Donald Trump is poised to be the only Republican candidate running for president as his last rival Nikki Haley formally announced the end to her campaign.
“The time has now come to suspend my campaign. I said I wanted Americans to have their voices heard. I have done that. I have no regrets,” she said from South Carolina on Wednesday.
“Although I will no longer be a candidate, I will not stop using my voice for the things I believe in.”
Her departure clears Trump to focus solely on his likely rematch in November with Biden.
Haley had vowed to stay in the race through to Super Tuesday despite a number of dismal outings in the polls.
But, after Trump won 14 out of 15 Republican primary elections on Tuesday, her campaign has been left with nowhere to go.
Haley, a former South Carolina governor and UN ambassador, was Trump’s first significant rival when she jumped into the race in February 2023.

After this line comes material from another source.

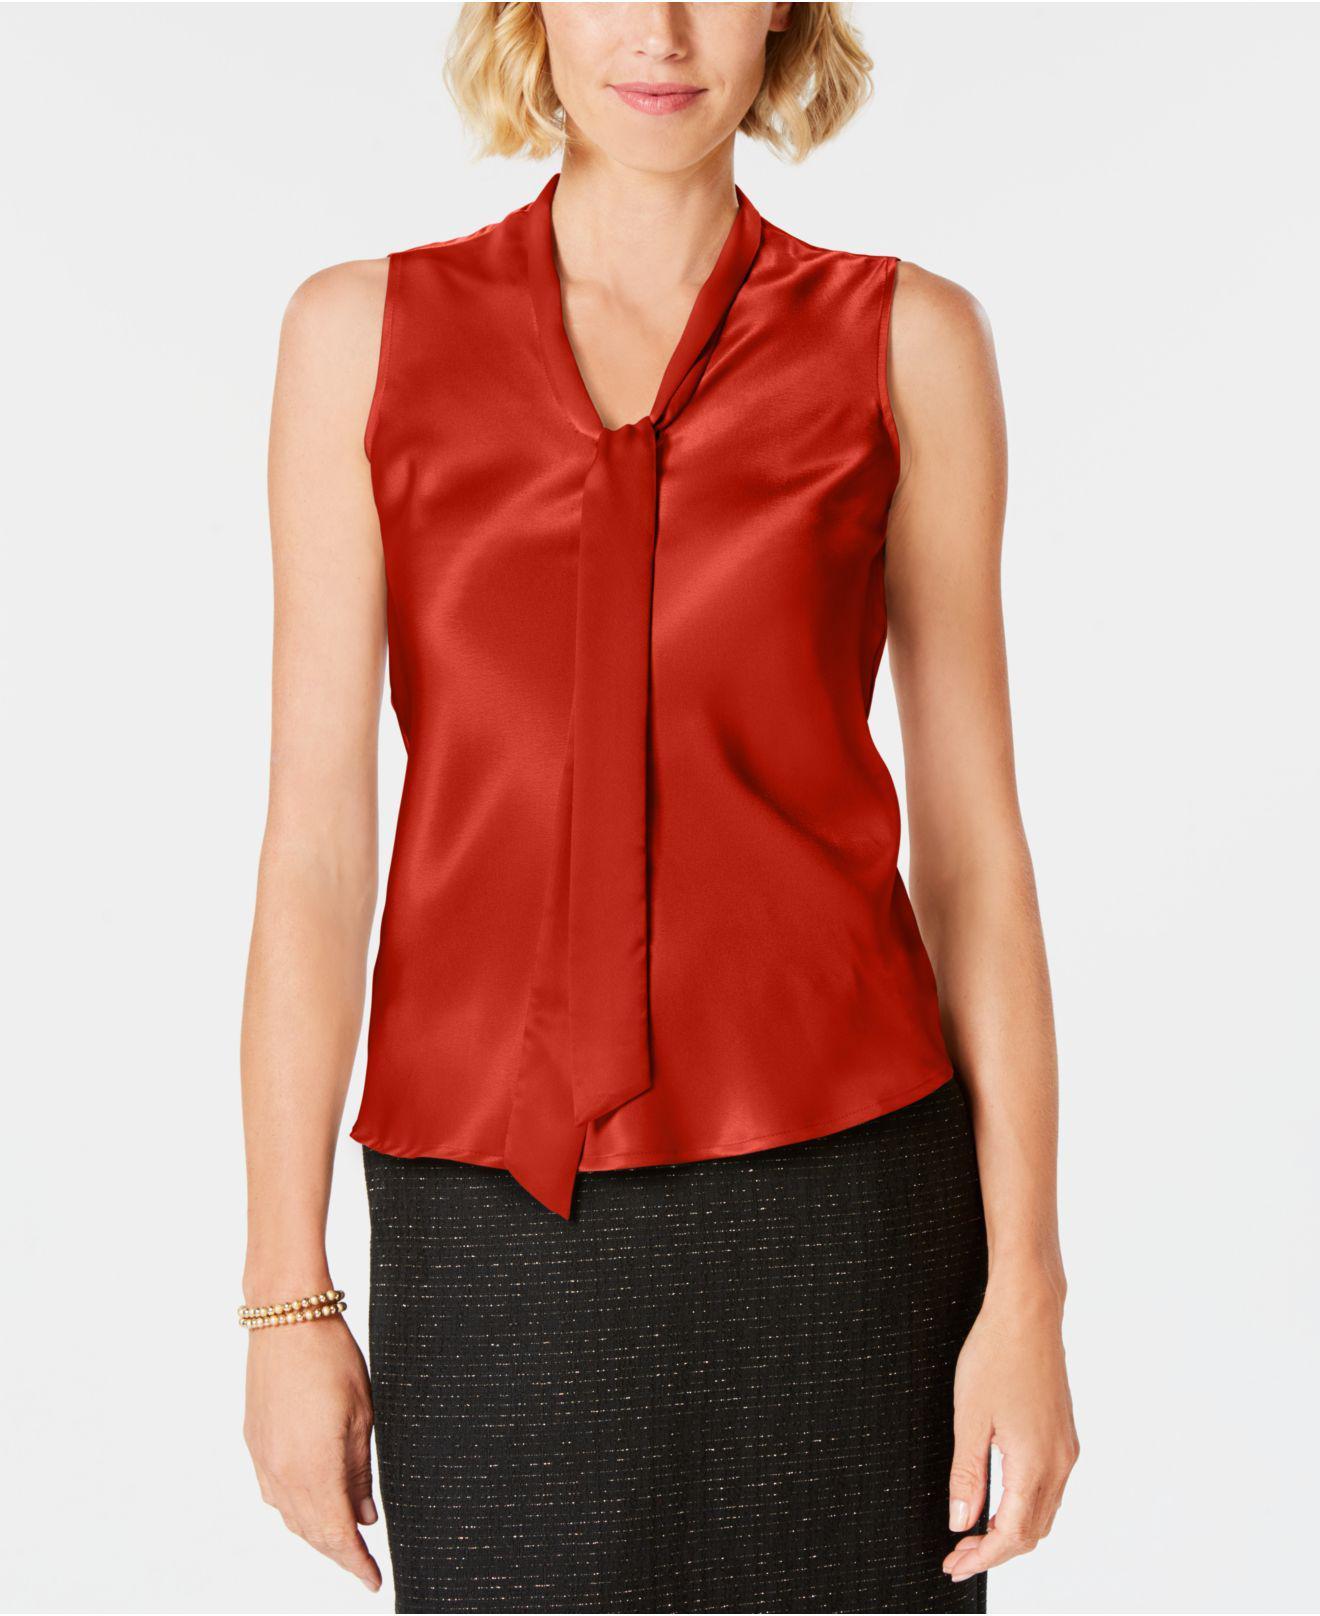 ed789ac0574e7 Lyst - Kasper Tie-neck Sleeveless Blouse in Red
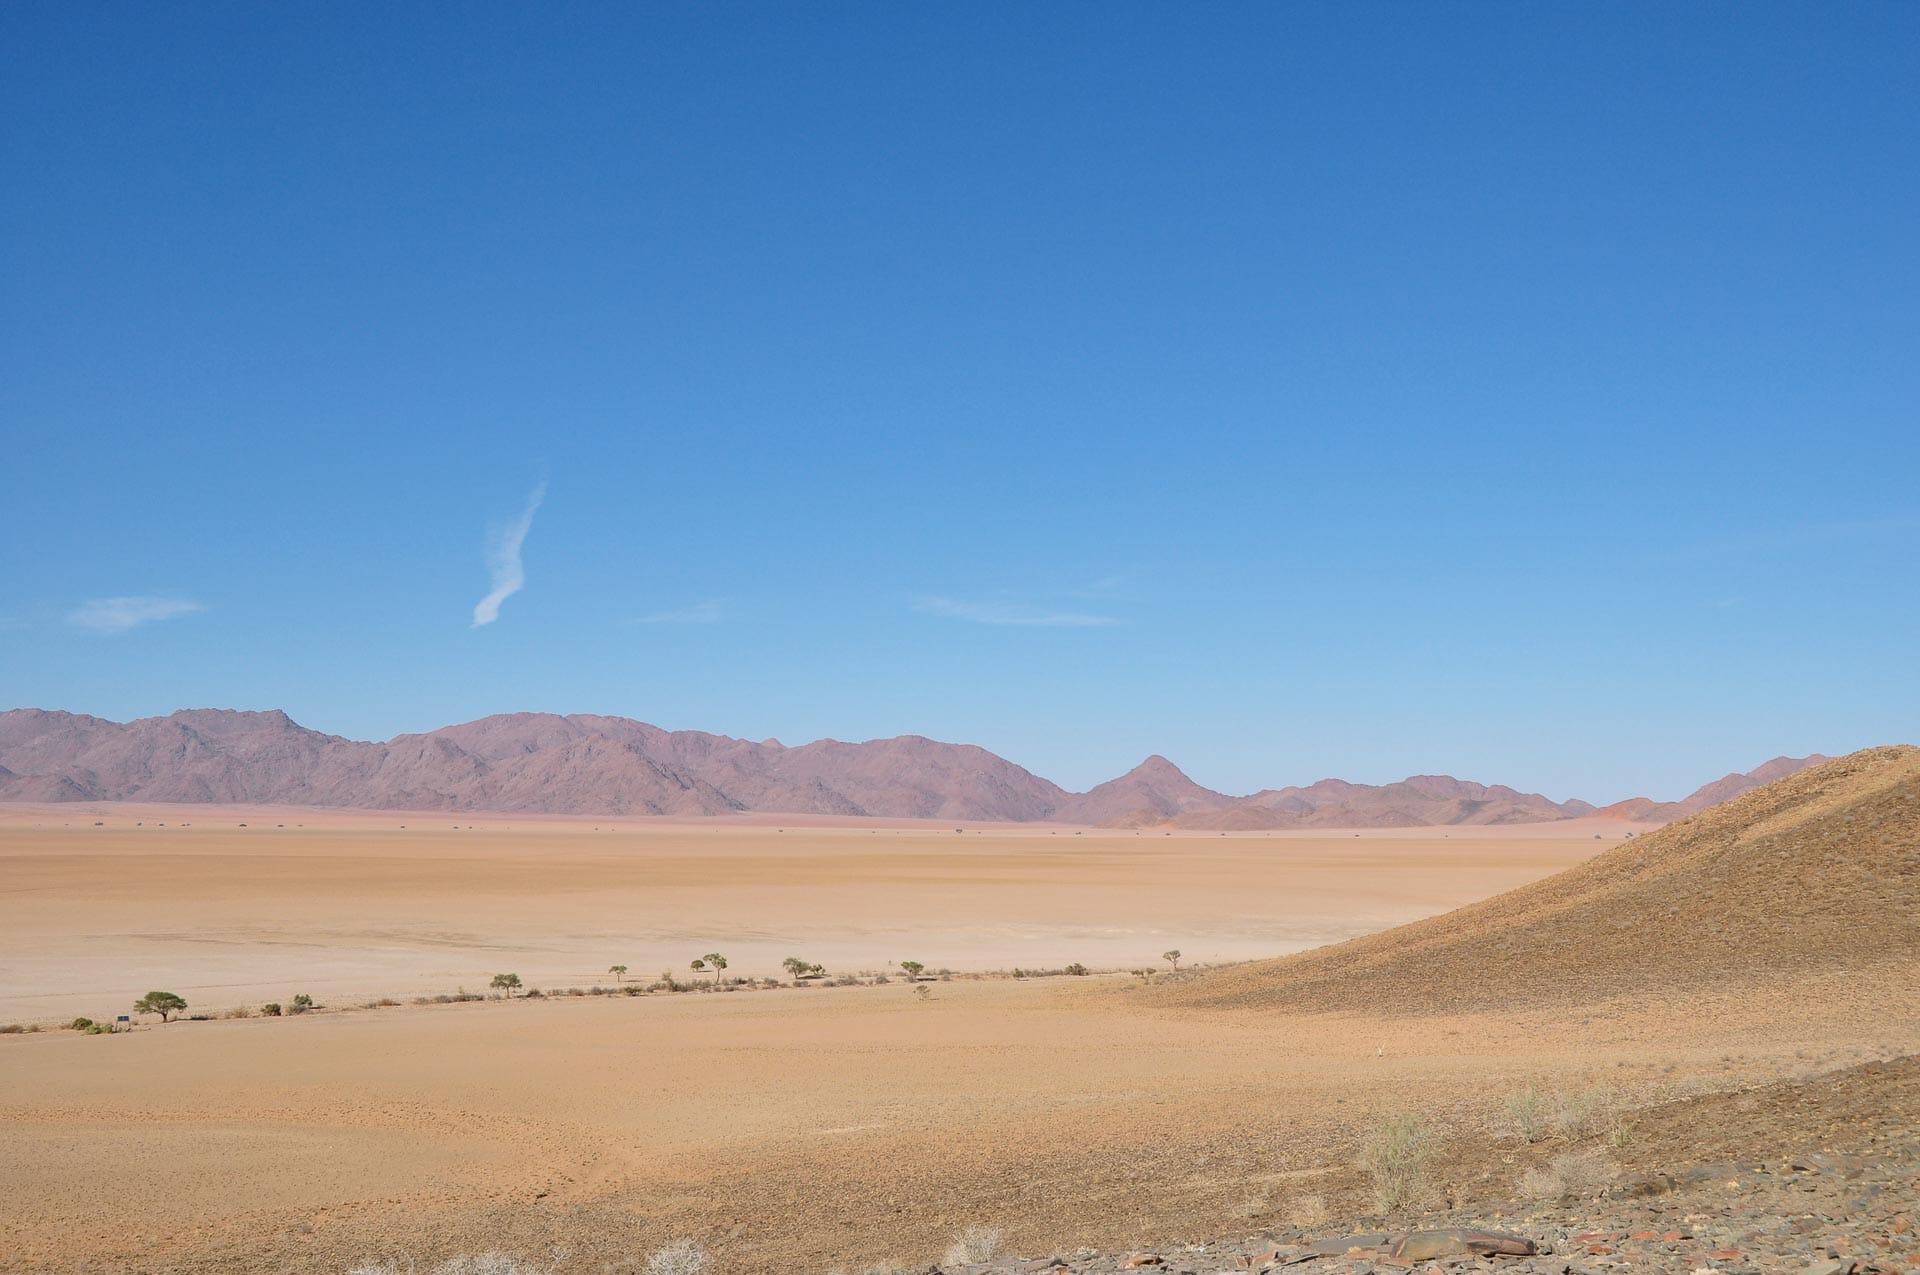 Kanaan-Desert-Retreat-Namibia-Globetrotter-Select-43

She had initially ruled out running against Trump in 2024.
But she changed her mind and ended up launching her bid three months after he did, citing among other things the country’s economic troubles and the need for “generational change.”
Haley, 52, later called for competency tests for politicians over the age of 75 – a knock on both Trump, who is 77, and President Joe Biden, who is 81.
She spent the final phase of her campaign aggressively warning the GOP against embracing Trump, whom she argued was too consumed by chaos and personal grievance to defeat President Joe Biden in the general election.
Without her own pathway to the White House, she must now decide whether or not to endorse Trump, who in his speech on Tuesday night called for party unity without mentioning Haley once.
The former president is currently on track to reach the 1,215 delegates needed to clinch the Republican nomination later this month.